::: SOURCE DATA :::
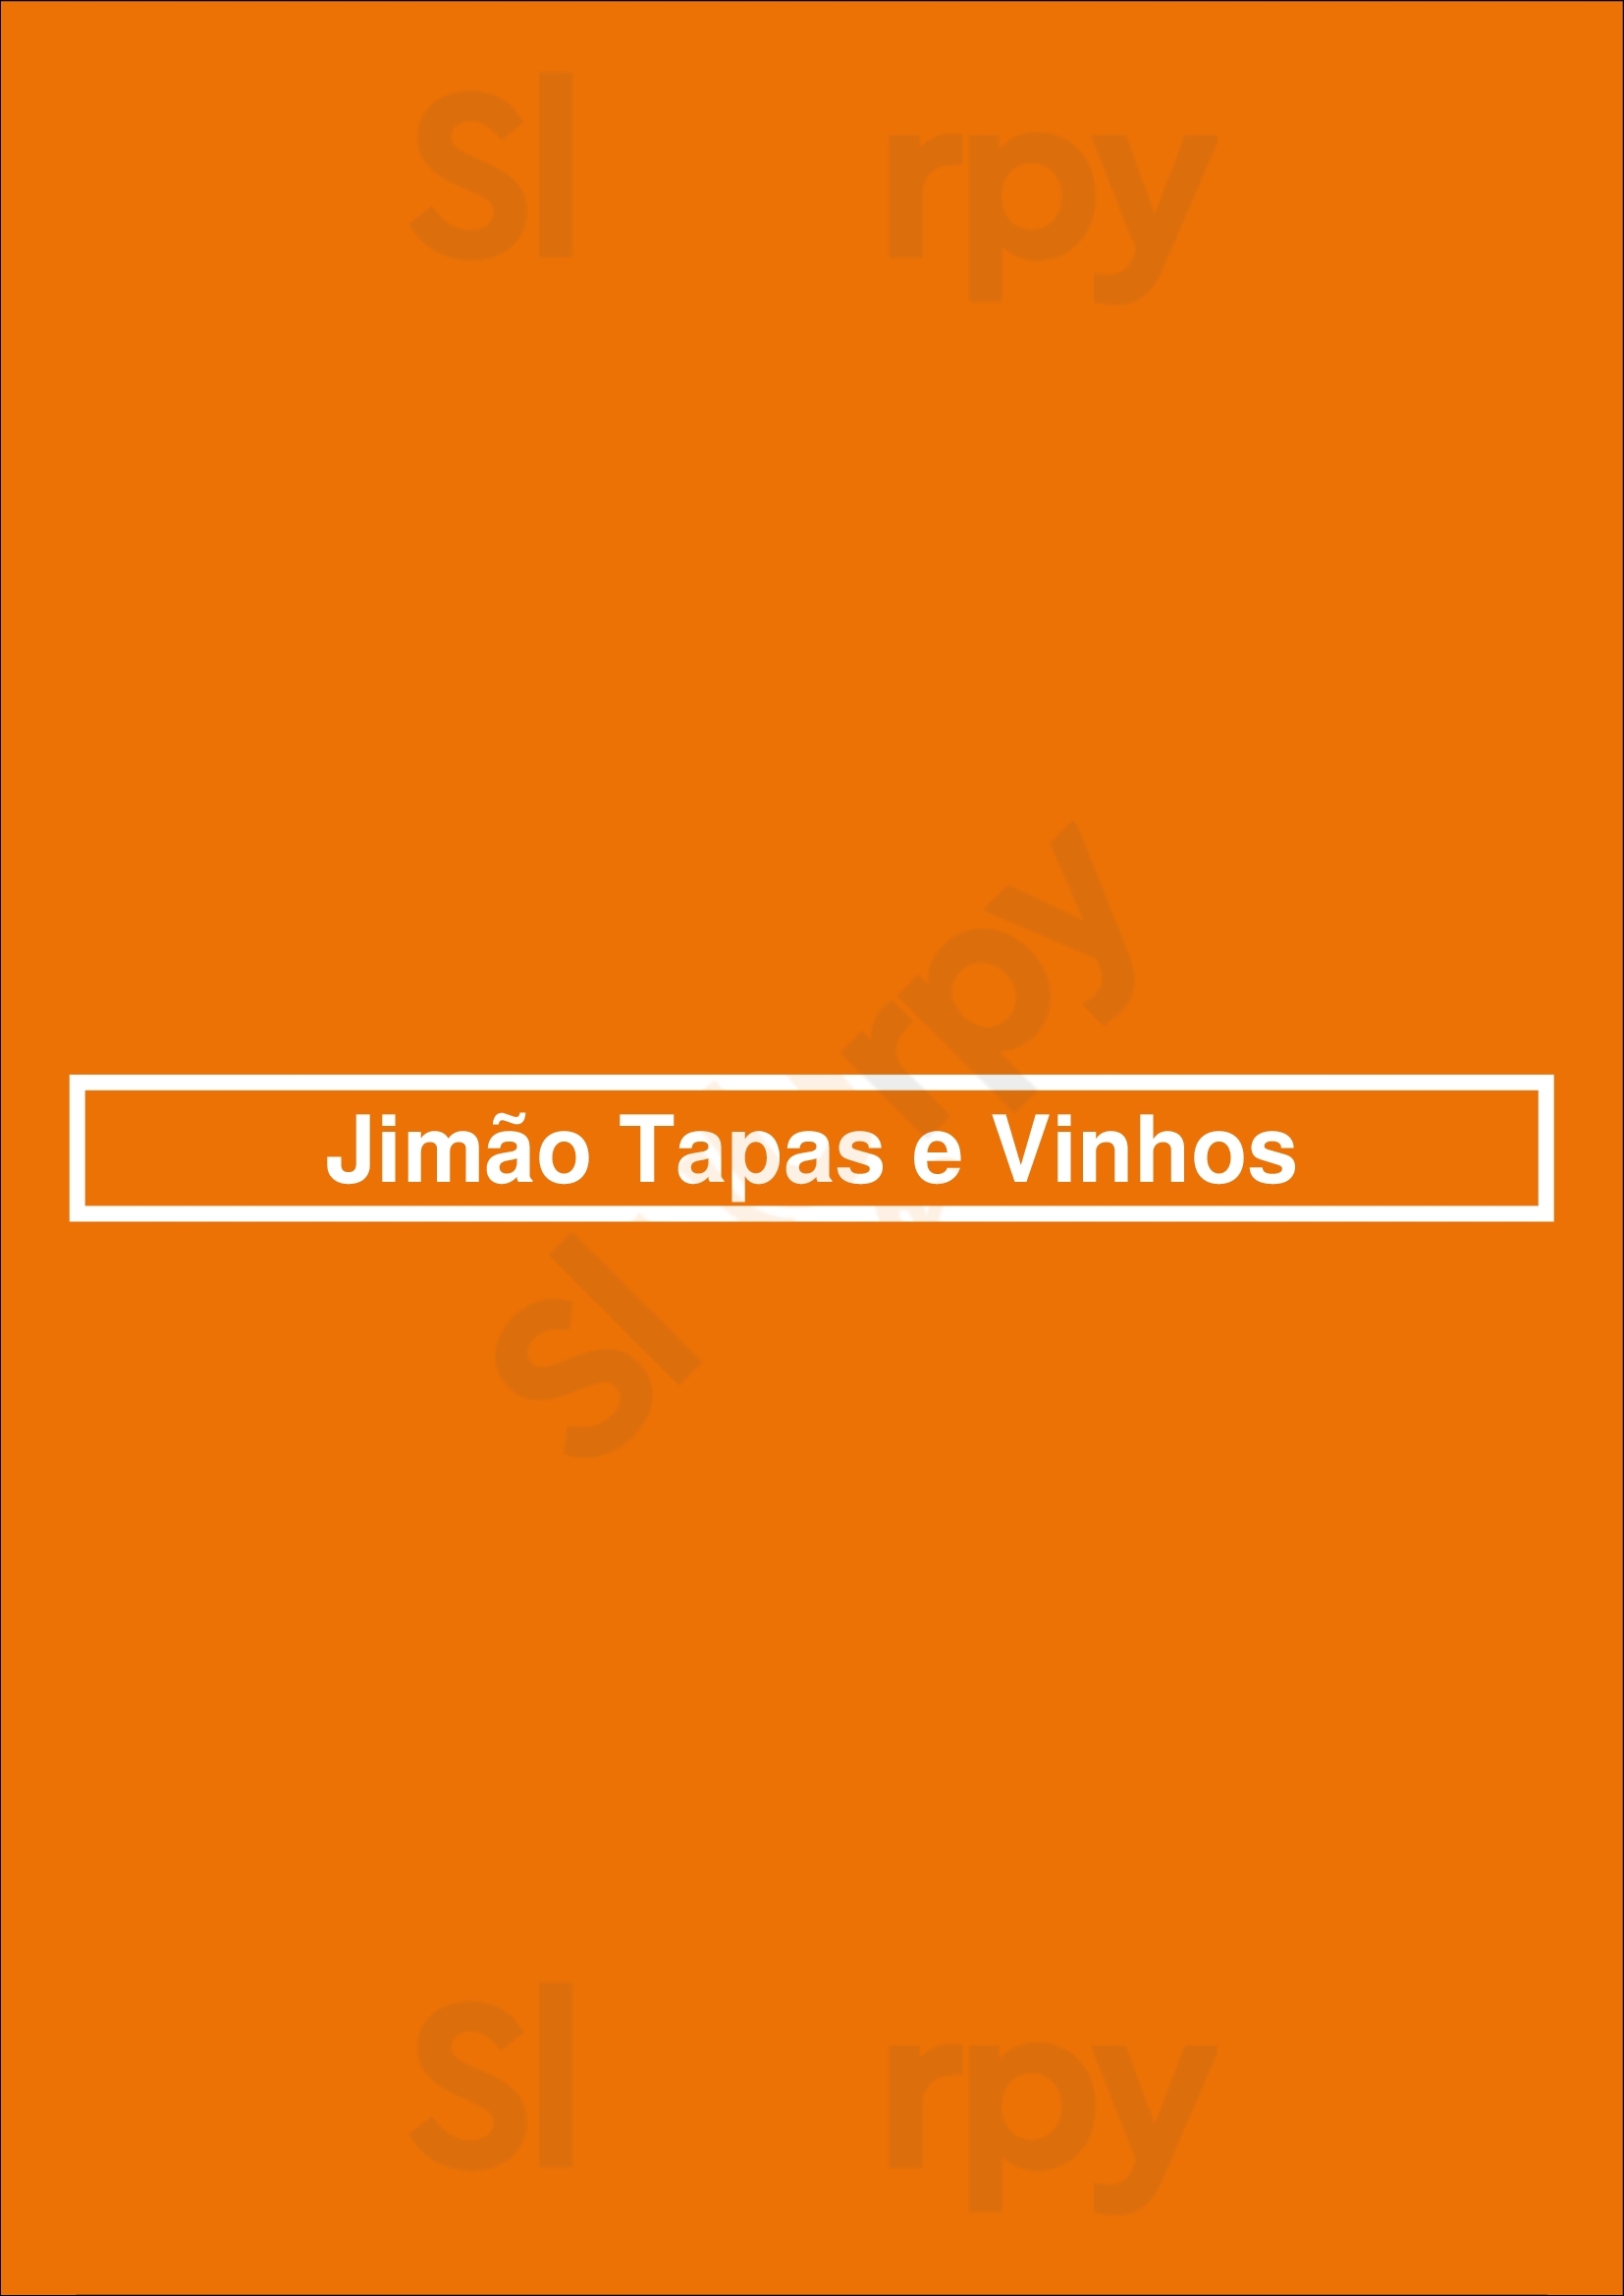 Jimão Tapas E Vinhos Porto Menu - 1
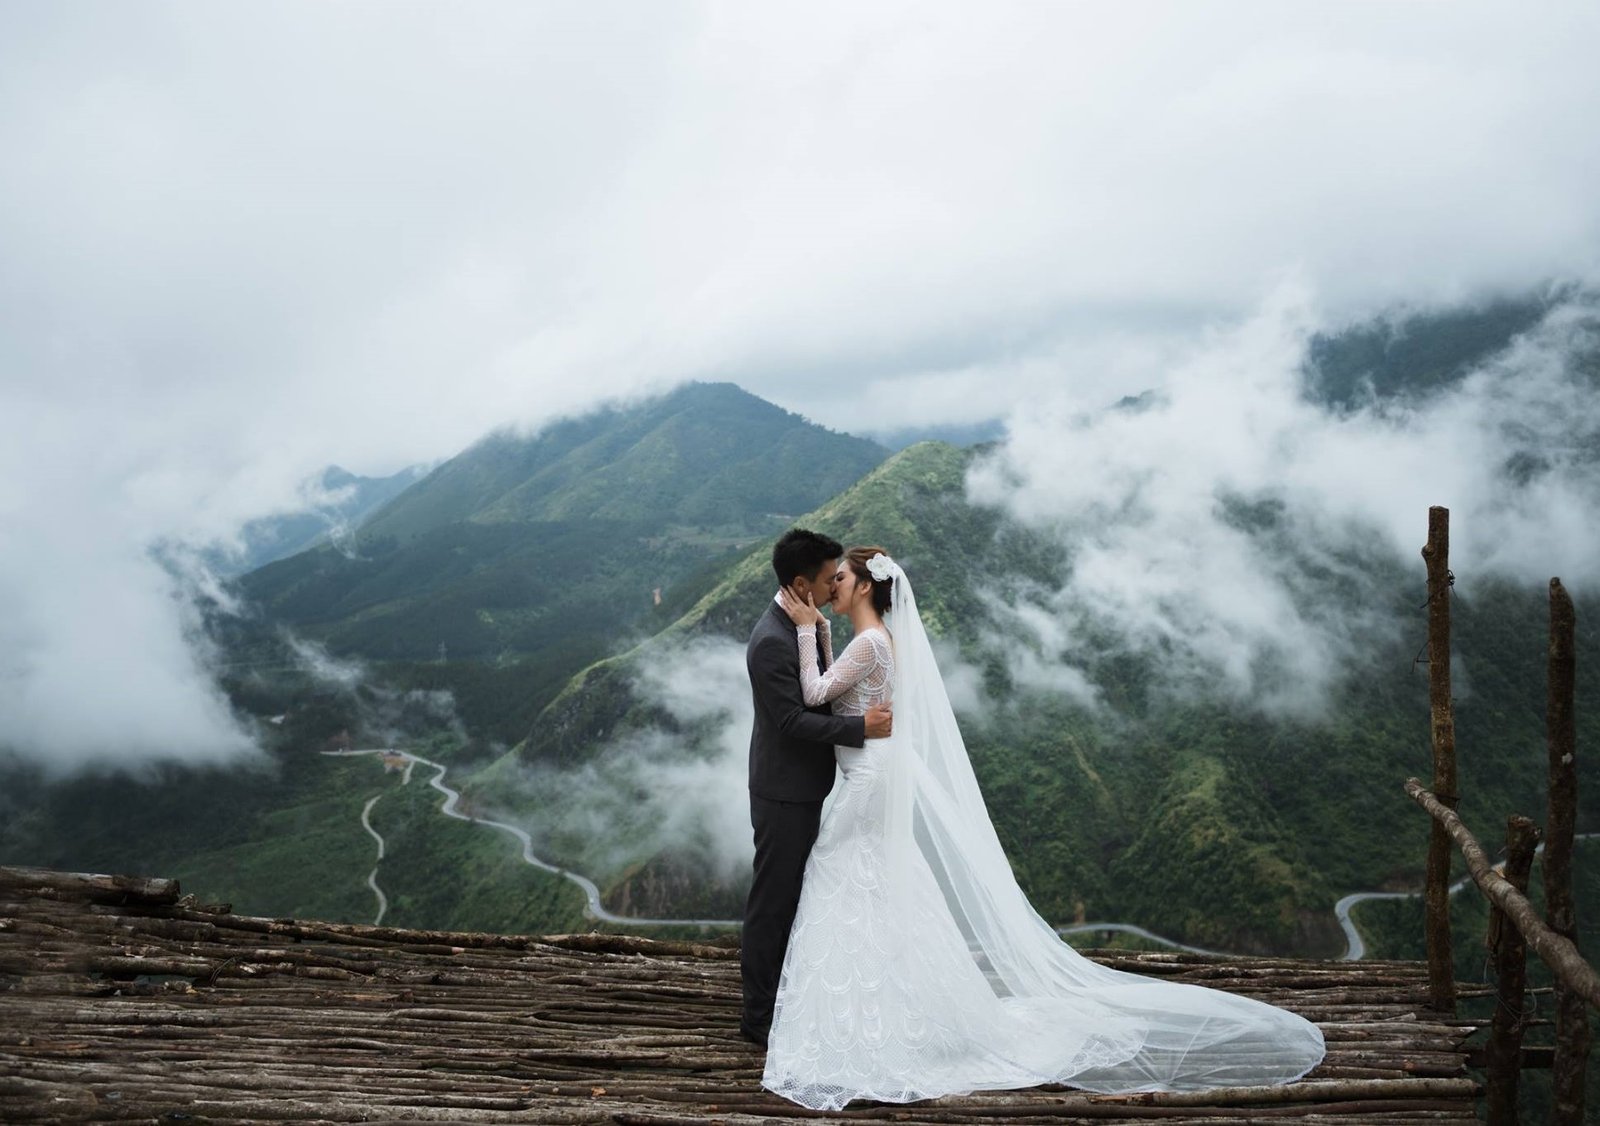 Chụp hình cưới ngoại cảnh Sapa Lào Cai
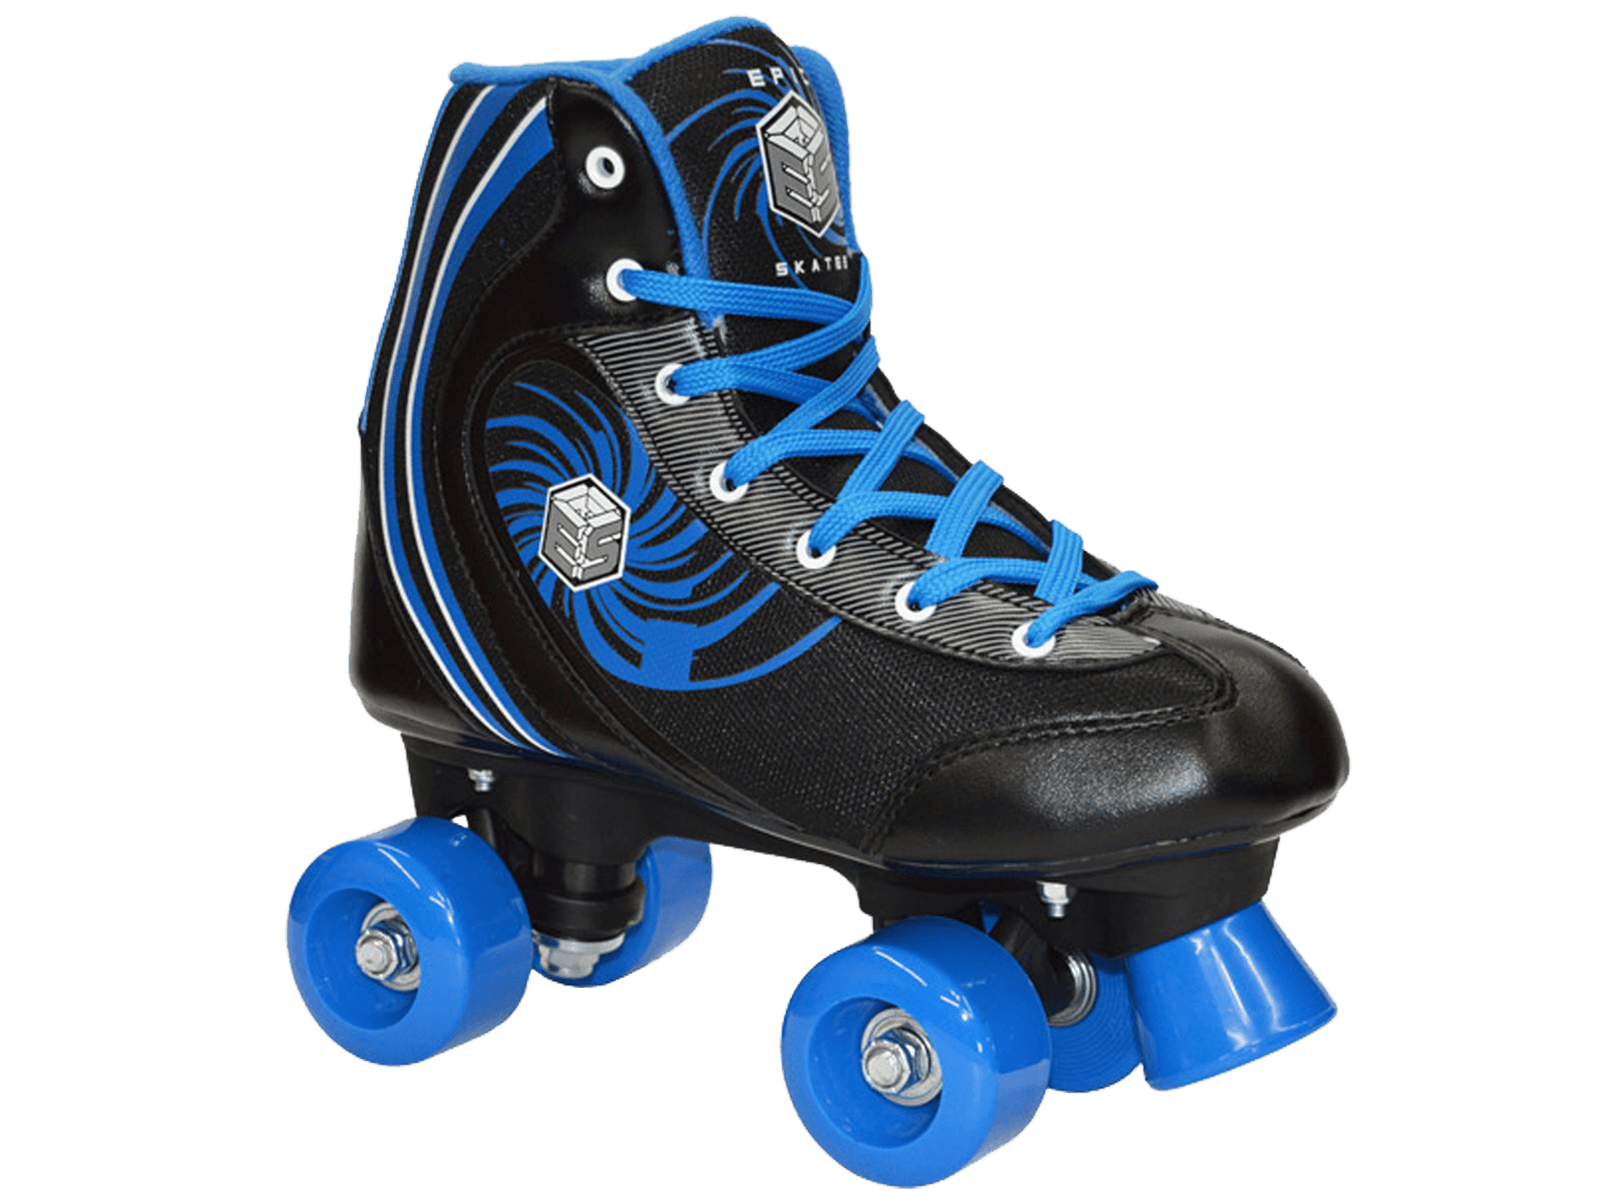 Roller skates PNG image free download
:::
Quote the data exactly, leaving every image out of the copy.

 Jimão Tapas E Vinhos Porto Menu - 1
 Chụp hình cưới ngoại cảnh Sapa Lào Cai
 Roller skates PNG image free download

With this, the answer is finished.